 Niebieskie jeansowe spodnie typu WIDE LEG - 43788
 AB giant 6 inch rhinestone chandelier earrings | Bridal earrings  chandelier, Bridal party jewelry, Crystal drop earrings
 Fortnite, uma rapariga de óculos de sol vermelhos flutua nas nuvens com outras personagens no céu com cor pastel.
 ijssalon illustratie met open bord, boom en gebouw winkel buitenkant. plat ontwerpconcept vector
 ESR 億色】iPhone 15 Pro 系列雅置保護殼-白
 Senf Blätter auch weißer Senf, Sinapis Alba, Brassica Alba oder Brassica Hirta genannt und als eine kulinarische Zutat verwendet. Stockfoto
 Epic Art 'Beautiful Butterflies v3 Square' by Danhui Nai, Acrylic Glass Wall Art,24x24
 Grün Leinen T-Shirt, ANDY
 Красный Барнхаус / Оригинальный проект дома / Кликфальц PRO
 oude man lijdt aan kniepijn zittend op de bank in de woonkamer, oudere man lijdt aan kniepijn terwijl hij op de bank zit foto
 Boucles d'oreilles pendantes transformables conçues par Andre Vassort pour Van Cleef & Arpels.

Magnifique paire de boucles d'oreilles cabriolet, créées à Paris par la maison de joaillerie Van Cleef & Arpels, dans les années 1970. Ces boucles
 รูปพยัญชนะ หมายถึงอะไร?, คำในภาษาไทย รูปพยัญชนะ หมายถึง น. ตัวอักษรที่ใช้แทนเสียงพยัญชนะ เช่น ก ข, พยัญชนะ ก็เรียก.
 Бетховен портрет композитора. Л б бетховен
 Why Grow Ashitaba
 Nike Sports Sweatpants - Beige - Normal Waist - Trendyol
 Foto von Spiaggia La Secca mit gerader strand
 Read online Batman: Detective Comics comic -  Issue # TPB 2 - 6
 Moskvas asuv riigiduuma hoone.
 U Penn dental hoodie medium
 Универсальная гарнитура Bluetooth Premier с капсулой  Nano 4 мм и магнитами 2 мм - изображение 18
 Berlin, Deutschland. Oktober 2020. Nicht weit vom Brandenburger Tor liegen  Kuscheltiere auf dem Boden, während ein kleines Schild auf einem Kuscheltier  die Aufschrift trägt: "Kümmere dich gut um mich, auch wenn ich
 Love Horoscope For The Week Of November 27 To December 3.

**Exercise:** Write out the records. Leave nothing out and change nothing.

**Your solution:**
 Niebieskie jeansowe spodnie typu WIDE LEG - 43788
 AB giant 6 inch rhinestone chandelier earrings | Bridal earrings  chandelier, Bridal party jewelry, Crystal drop earrings
 Fortnite, uma rapariga de óculos de sol vermelhos flutua nas nuvens com outras personagens no céu com cor pastel.
 ijssalon illustratie met open bord, boom en gebouw winkel buitenkant. plat ontwerpconcept vector
 ESR 億色】iPhone 15 Pro 系列雅置保護殼-白
 Senf Blätter auch weißer Senf, Sinapis Alba, Brassica Alba oder Brassica Hirta genannt und als eine kulinarische Zutat verwendet. Stockfoto
 Epic Art 'Beautiful Butterflies v3 Square' by Danhui Nai, Acrylic Glass Wall Art,24x24
 Grün Leinen T-Shirt, ANDY
 Красный Барнхаус / Оригинальный проект дома / Кликфальц PRO
 oude man lijdt aan kniepijn zittend op de bank in de woonkamer, oudere man lijdt aan kniepijn terwijl hij op de bank zit foto
 Boucles d'oreilles pendantes transformables conçues par Andre Vassort pour Van Cleef & Arpels.

Magnifique paire de boucles d'oreilles cabriolet, créées à Paris par la maison de joaillerie Van Cleef & Arpels, dans les années 1970. Ces boucles
 รูปพยัญชนะ หมายถึงอะไร?, คำในภาษาไทย รูปพยัญชนะ หมายถึง น. ตัวอักษรที่ใช้แทนเสียงพยัญชนะ เช่น ก ข, พยัญชนะ ก็เรียก.
 Бетховен портрет композитора. Л б бетховен
 Why Grow Ashitaba
 Nike Sports Sweatpants - Beige - Normal Waist - Trendyol
 Foto von Spiaggia La Secca mit gerader strand
 Read online Batman: Detective Comics comic -  Issue # TPB 2 - 6
 Moskvas asuv riigiduuma hoone.
 U Penn dental hoodie medium
 Универсальная гарнитура Bluetooth Premier с капсулой  Nano 4 мм и магнитами 2 мм - изображение 18
 Berlin, Deutschland. Oktober 2020. Nicht weit vom Brandenburger Tor liegen  Kuscheltiere auf dem Boden, während ein kleines Schild auf einem Kuscheltier  die Aufschrift trägt: "Kümmere dich gut um mich, auch wenn ich
 Love Horoscope For The Week Of November 27 To December 3.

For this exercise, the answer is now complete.